Functional tricuspid regurgitation: an underestimated issue.

机构信息

Department of Cardiology, University of L'Aquila, L'Aquila, Italy.

出版信息

Int J Cardiol. 2013 Sep 30;168(2):707-15. doi: 10.1016/j.ijcard.2013.04.043. Epub 2013 May 3.

Abstract

This review article focuses on functional tricuspid regurgitation (FTR) that has long been a neglected and underestimated entity. FTR is defined as leakage of the tricuspid valve during systole in the presence of structurally normal leaflets and chordae. FTR may be secondary to several heart diseases, more commonly mitral valve disease, pulmonary hypertension, atrial fibrillation, cardiomyopathies, right ventricular dysplasia, and idiopathic annular dilatation. The reported prevalence of moderate or greater FTR is roughly 16%, but it rises up to 89% when considering FTR of any grade. According to the recommendations of the European Association of Echocardiography, two-dimensional transthoracic echocardiography (TTE) is the first-line imaging modality for the assessment of valvular regurgitation, whereas three-dimensional TTE may provide additional information in patients with complex valve lesions. Transesophageal echocardiography may be used when TTE results are inconclusive. The natural history of FTR is unfavorable, even in less than severe tricuspid regurgitation. Data from the literature suggest that moderate or greater FTR is a risk factor for worse survival. In addition, FTR of any grade may worsen over time, which makes it reasonable to consider the correction of FTR at an early stage, preferably at the time of mitral valve surgery.
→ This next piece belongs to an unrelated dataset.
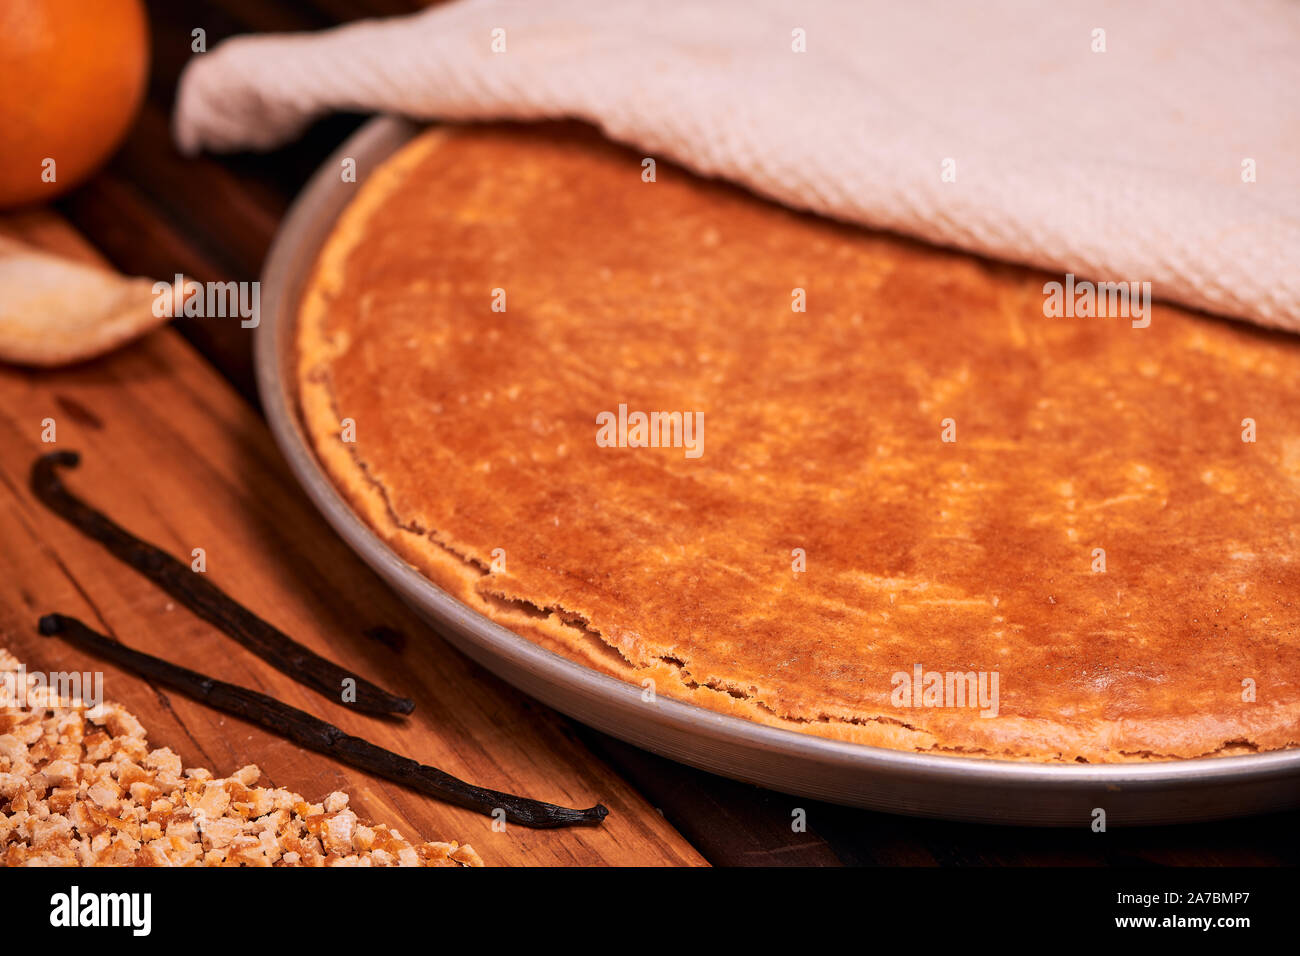 Warmen hausgemachten italienischen Ricotta Käsekuchen mit gehackten kandierten Orangenschalen auf Holz- Hintergrund. Italienisches Rezept. Stockfoto
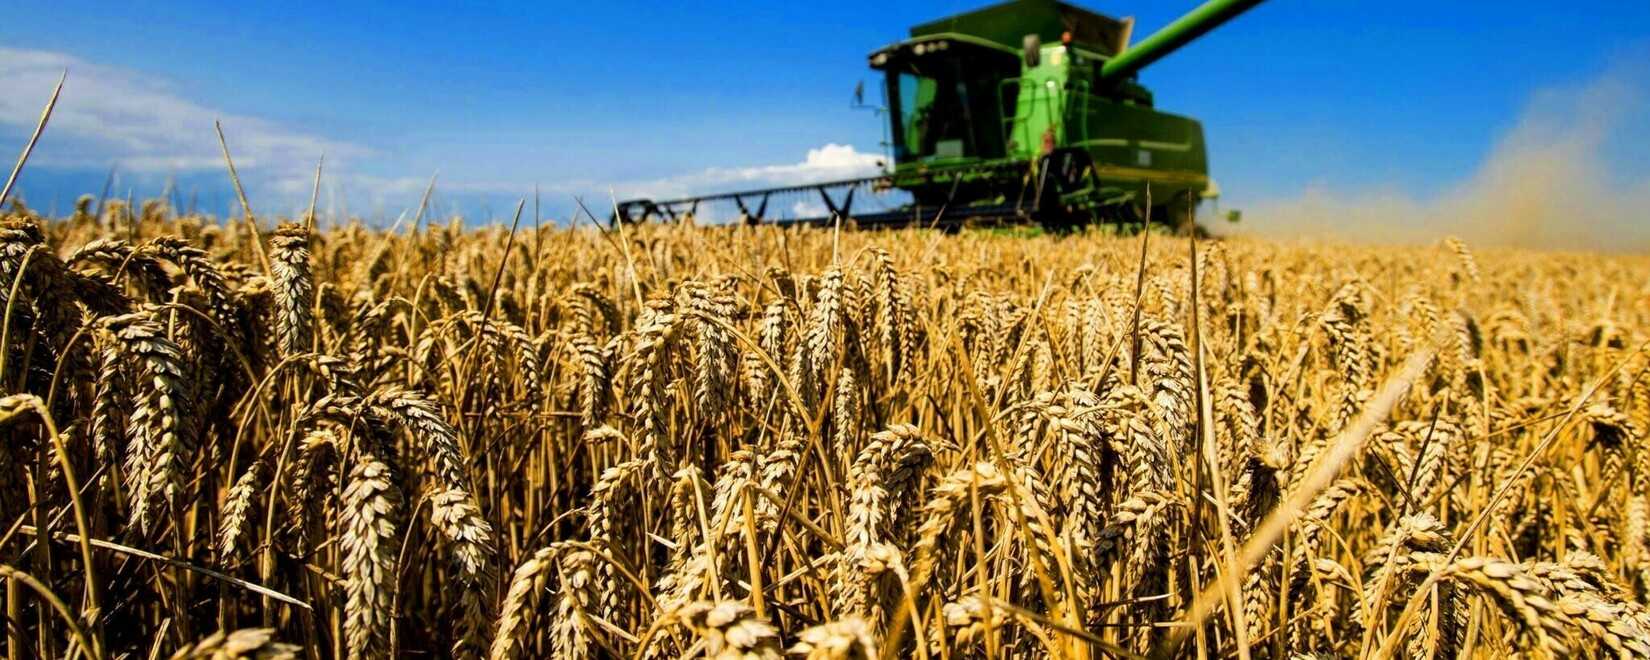 На заседании стран содружества Белоруссия выступила с предложением создать единый аграрный рынок для стран СНГ

Tricuspid valve annuloplasty is the gold standard surgical treatment for FTR and is associated with a recurrence rate, defined as postoperative moderate or severe FTR, ranging from 2.5 to 5.5% at 1-year follow-up.

摘要

这篇综述文章主要关注功能性三尖瓣反流(FTR),它长期以来一直是一个被忽视和低估的问题。FTR 定义为在结构正常的瓣叶和腱索存在的情况下,三尖瓣在收缩期的漏液。FTR 可能继发于多种心脏病,更常见的是二尖瓣疾病、肺动脉高压、心房颤动、心肌病、右心室发育不良和特发性环形扩张。中度或更严重的 FTR 的报告患病率约为 16%,但考虑到任何等级的 FTR,患病率上升至 89%。根据欧洲超声心动图协会的建议,二维经胸超声心动图(TTE)是评估瓣膜反流的一线成像方式,而三维 TTE 可能为复杂瓣膜病变患者提供额外信息。当 TTE 结果不确定时,可使用经食管超声心动图。FTR 的自然病程不利,即使是在轻度三尖瓣反流中也是如此。文献数据表明,中度或更严重的 FTR 是生存率较差的危险因素。此外,任何等级的 FTR 都可能随时间恶化,因此,在早期,最好在二尖瓣手术时,考虑对 FTR 进行纠正,这是合理的。三尖瓣瓣环成形术是 FTR 的金标准手术治疗方法,其术后 1 年随访时,定义为中度或重度 FTR 的复发率为 2.5%至 5.5%。